Sir Keir Starmer is also unlikely to come up with anything dramatic on pensions and social care. Understandably, perhaps, for when Theresa May tried to use a large poll lead to do so she almost threw the election. But it leaves those budgets, and the mounting injustice of refusing to tax asset-rich older people to pay for them, hanging over a Labour government.
Even on childcare, which ministers have regulated into a luxury product, the Opposition are if anything ideologically predisposed to making the problem worse, adding to the normal Treasury bias toward strong-arming parents back into work as soon as possible Bridget Phillipson’s proposal to make childcare a graduate profession, further restricting supply.
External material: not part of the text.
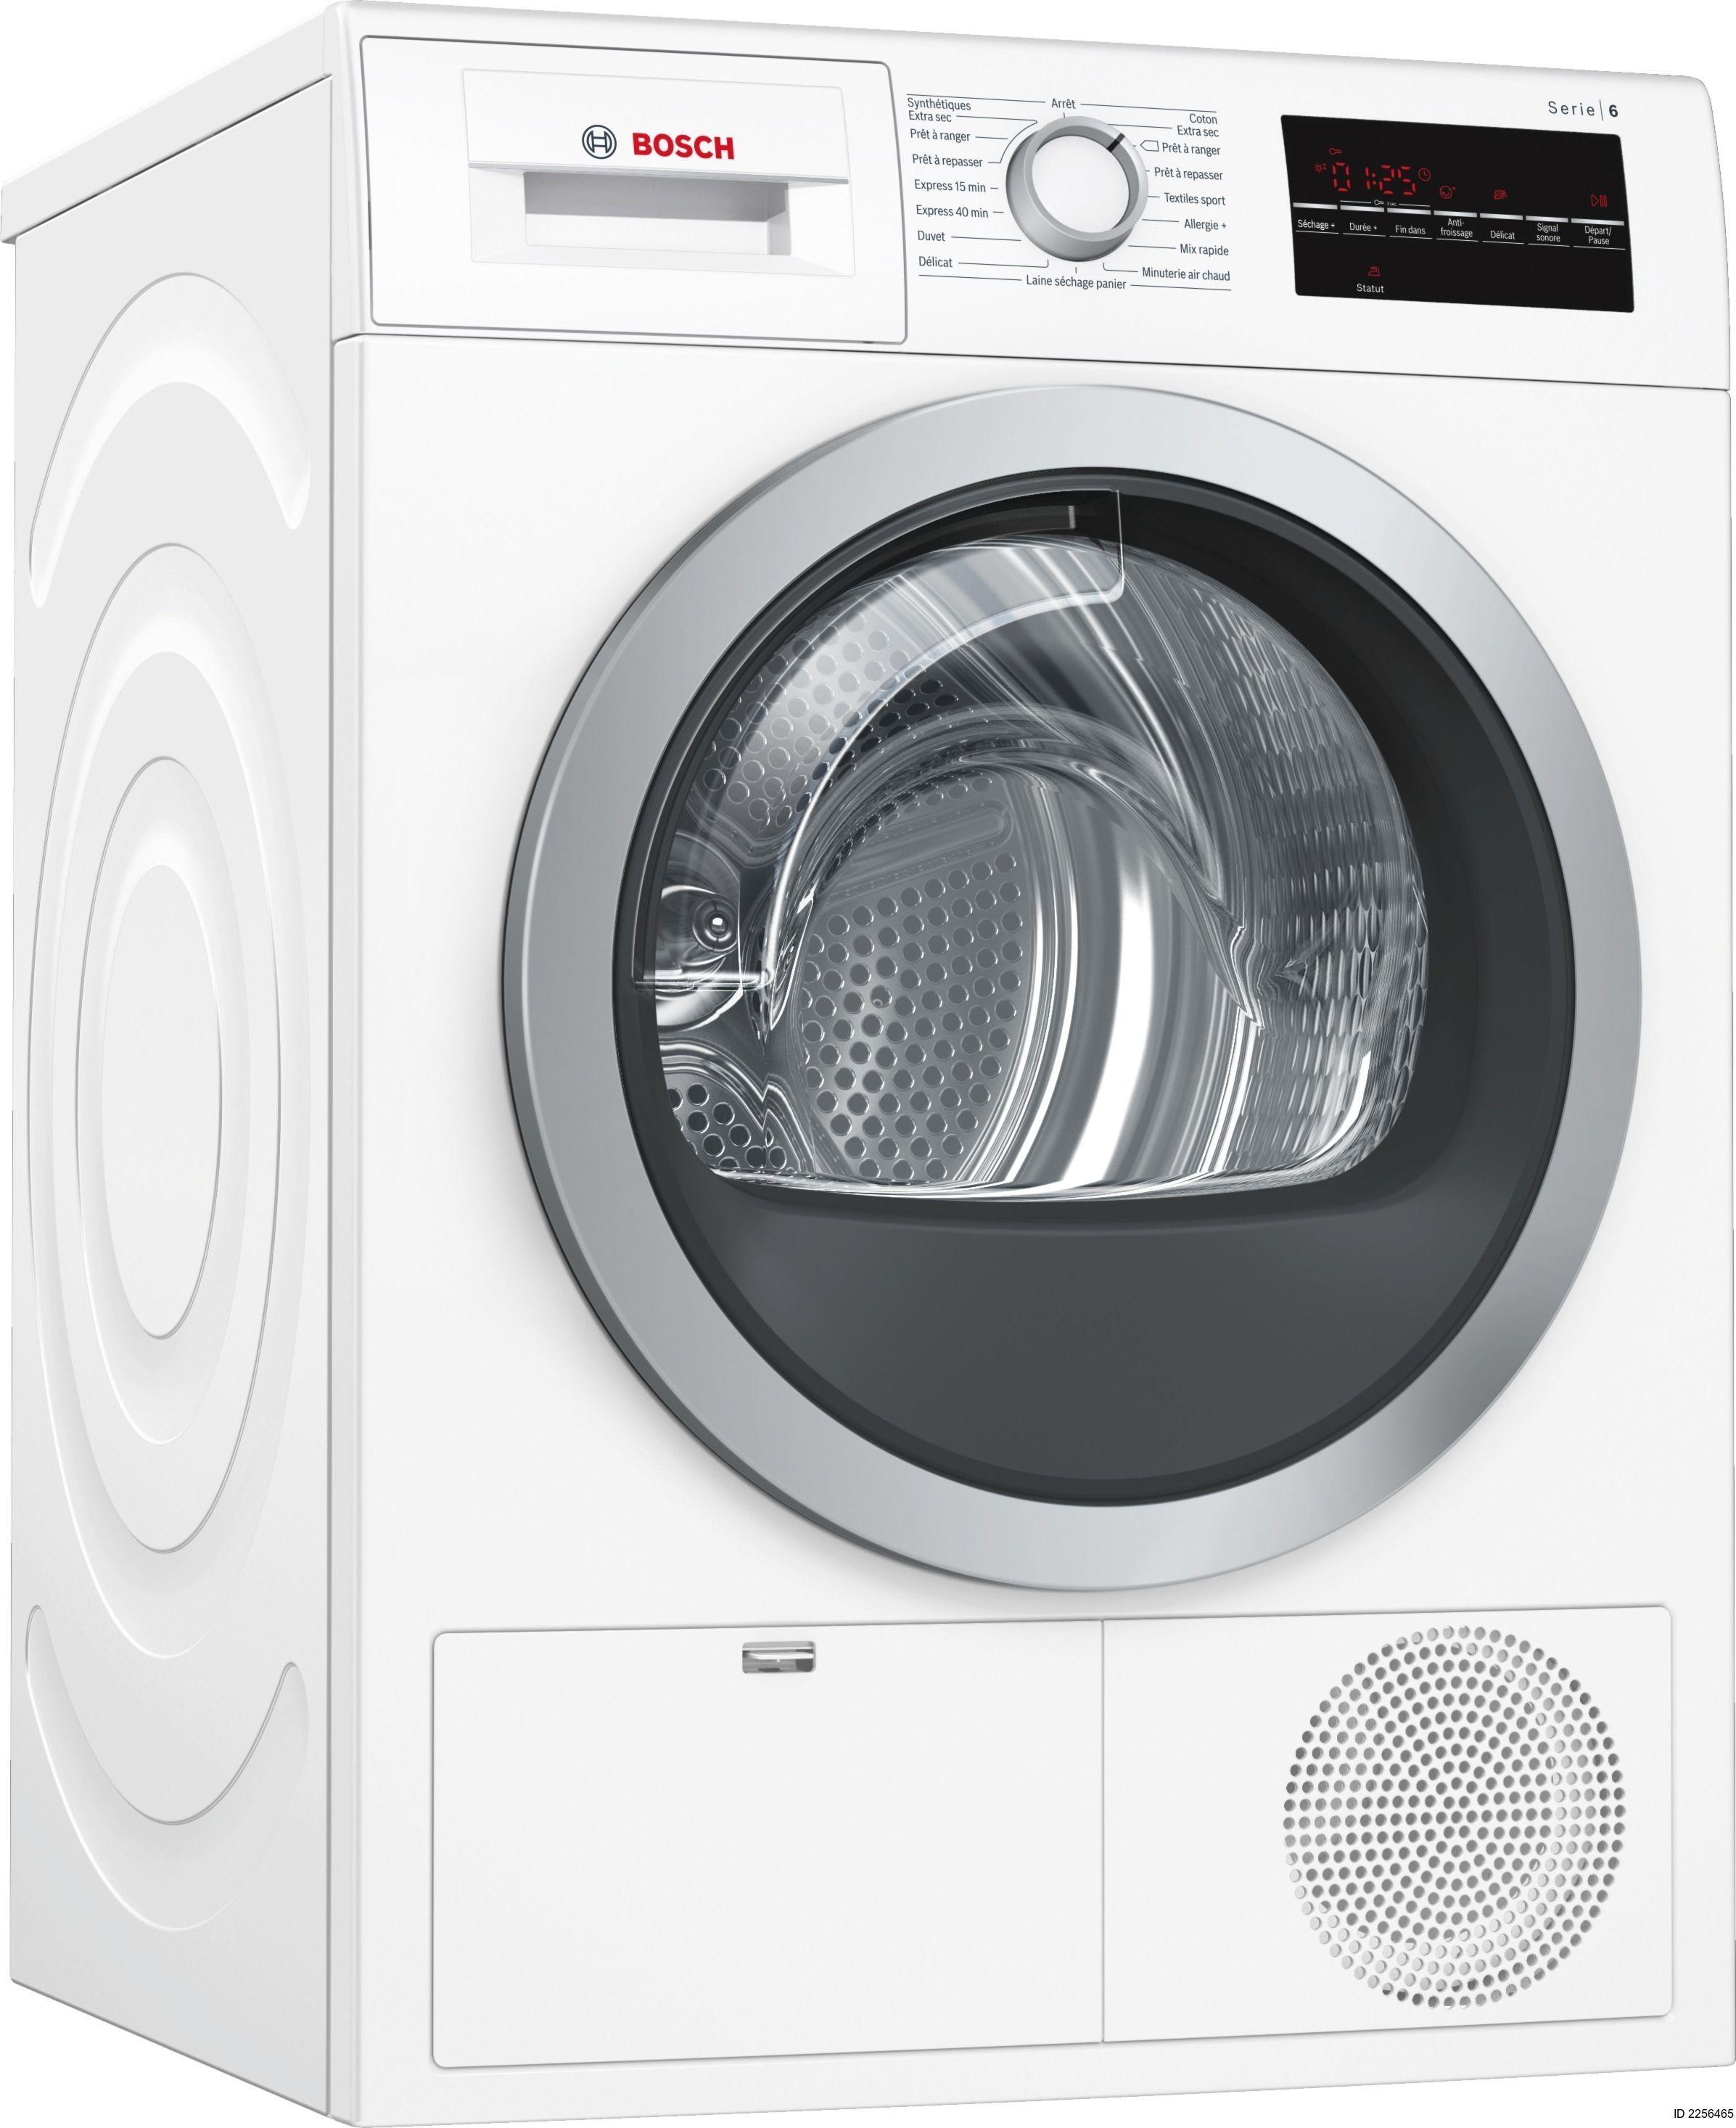 Bosch S Che Linge Condensation Wtg86400ff Achat S Che Linge

Returning to Reeves’ speech, immediately after the quote at the top of this piece she said the following:
“And as in earlier decades, the solution lies in wide-ranging supply-side reform to drive investment, remove the blockages constraining our productive capacity, and fashion a new economic settlement drawing on evolutions in economic thought. A new chapter in Britain’s economic history. And unlike the 1980s, growth in the years to come must be broad-based, inclusive, and resilient.”
It may well be possible to reset Britain’s economic settlement in a more resilient manner than Margaret Thatcher did in the 1980s; certainly, the challenges we face today are quite different to those she confronted.
But taken together with Labour’s thin policy offer, pandering to pensioners, and commitment to gold-plating even the most counter-productive regulations, one cannot help but suspect this sentiment is really a desire to try and deliver a 1979-style transformation without making difficult decisions, or picking fights with anyone beyond easy targets such as non-doms and parents of private-school children.
That isn’t going to be possible. The current settlement is so durable precisely because it has winners: homeowners whose asset values have soared, pensioners guaranteed above-inflation income increases, businesses and universities who depend on the easy import of labour and students. Any transformational change will mean taking on one or all of those groups.
If Labour hasn’t accepted that, Reeves has no business talking about 1979. The best she can expect is 1972.